> **What to work on**: Review the material and extract every line in which the word "Sammlung" occurs.

> **Source data**:
■ ■ ■ ■ ■ ■ ■

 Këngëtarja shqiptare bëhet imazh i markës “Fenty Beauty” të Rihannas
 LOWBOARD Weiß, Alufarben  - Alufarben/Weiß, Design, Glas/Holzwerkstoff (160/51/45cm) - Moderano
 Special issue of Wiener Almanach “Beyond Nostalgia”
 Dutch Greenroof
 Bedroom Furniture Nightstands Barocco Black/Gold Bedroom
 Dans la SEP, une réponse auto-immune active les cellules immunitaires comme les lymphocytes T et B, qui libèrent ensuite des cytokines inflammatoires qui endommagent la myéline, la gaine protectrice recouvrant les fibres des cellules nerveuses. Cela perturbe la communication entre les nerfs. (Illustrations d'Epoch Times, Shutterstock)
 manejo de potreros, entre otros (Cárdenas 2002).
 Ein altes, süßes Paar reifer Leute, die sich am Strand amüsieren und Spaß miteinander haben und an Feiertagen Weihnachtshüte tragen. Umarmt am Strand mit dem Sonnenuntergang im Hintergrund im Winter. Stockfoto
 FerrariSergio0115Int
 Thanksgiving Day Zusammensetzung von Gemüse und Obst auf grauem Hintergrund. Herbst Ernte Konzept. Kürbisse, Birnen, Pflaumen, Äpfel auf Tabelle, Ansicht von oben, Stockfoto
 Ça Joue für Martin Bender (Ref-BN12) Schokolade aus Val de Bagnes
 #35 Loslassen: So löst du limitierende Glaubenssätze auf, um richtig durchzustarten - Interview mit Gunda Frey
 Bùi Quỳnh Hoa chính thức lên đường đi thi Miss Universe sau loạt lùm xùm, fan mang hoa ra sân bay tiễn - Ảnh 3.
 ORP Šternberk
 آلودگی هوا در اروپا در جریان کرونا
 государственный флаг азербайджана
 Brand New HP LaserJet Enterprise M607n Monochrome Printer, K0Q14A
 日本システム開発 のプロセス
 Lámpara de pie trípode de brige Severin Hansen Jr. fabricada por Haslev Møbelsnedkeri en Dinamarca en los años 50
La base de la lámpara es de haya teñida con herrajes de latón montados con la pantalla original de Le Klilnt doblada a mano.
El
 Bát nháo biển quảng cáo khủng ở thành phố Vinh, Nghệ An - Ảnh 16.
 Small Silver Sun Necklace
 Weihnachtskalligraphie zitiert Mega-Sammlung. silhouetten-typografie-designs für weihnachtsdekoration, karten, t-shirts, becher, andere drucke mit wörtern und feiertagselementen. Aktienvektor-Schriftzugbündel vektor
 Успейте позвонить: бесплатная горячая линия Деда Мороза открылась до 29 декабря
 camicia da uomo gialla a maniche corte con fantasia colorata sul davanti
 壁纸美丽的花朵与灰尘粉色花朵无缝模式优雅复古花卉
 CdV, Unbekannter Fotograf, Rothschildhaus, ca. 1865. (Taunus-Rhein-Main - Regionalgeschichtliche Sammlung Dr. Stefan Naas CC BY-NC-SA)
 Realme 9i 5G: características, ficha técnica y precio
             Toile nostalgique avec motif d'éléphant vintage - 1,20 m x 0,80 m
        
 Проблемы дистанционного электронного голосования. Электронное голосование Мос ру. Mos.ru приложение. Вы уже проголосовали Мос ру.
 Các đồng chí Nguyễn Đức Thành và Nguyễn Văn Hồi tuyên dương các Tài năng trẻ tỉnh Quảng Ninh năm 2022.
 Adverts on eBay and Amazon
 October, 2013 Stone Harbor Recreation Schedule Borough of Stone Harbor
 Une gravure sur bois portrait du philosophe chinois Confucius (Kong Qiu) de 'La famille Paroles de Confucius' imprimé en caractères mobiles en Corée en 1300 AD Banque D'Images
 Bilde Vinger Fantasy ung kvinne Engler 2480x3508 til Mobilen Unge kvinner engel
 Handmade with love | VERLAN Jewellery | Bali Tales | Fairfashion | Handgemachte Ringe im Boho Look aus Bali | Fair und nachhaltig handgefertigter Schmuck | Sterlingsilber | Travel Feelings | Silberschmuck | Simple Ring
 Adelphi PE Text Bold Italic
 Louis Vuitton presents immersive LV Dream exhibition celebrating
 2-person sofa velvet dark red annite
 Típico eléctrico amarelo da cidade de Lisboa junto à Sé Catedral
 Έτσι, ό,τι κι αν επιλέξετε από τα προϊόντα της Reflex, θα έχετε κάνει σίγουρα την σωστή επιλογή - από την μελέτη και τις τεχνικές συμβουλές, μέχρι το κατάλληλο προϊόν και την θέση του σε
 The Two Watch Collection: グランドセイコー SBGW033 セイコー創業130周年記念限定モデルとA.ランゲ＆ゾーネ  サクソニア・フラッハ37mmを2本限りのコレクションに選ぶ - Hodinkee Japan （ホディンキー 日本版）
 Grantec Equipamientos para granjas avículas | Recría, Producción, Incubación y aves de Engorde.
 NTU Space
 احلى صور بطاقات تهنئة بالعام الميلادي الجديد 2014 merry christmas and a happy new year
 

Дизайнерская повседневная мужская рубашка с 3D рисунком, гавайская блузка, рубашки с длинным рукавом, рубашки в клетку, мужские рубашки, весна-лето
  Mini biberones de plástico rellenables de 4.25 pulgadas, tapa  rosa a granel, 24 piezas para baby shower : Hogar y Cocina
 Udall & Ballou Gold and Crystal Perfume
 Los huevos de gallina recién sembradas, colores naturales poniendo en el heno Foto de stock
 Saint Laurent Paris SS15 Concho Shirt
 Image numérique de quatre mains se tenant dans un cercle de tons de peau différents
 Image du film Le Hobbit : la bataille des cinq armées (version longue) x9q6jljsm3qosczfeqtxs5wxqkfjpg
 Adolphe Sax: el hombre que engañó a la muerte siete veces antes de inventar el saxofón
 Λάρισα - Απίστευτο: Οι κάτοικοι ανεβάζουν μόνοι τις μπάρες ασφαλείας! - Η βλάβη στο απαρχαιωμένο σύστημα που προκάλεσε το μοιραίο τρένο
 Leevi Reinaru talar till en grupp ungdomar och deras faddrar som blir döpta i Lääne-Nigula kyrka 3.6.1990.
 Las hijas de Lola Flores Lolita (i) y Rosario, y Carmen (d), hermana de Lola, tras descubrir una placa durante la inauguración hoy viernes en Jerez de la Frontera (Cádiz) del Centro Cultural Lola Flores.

■ ■ ■ ■ ■ ■ ■

> **Answer section**:
 Weihnachtskalligraphie zitiert Mega-Sammlung. silhouetten-typografie-designs für weihnachtsdekoration, karten, t-shirts, becher, andere drucke mit wörtern und feiertagselementen. Aktienvektor-Schriftzugbündel vektor
 CdV, Unbekannter Fotograf, Rothschildhaus, ca. 1865. (Taunus-Rhein-Main - Regionalgeschichtliche Sammlung Dr. Stefan Naas CC BY-NC-SA)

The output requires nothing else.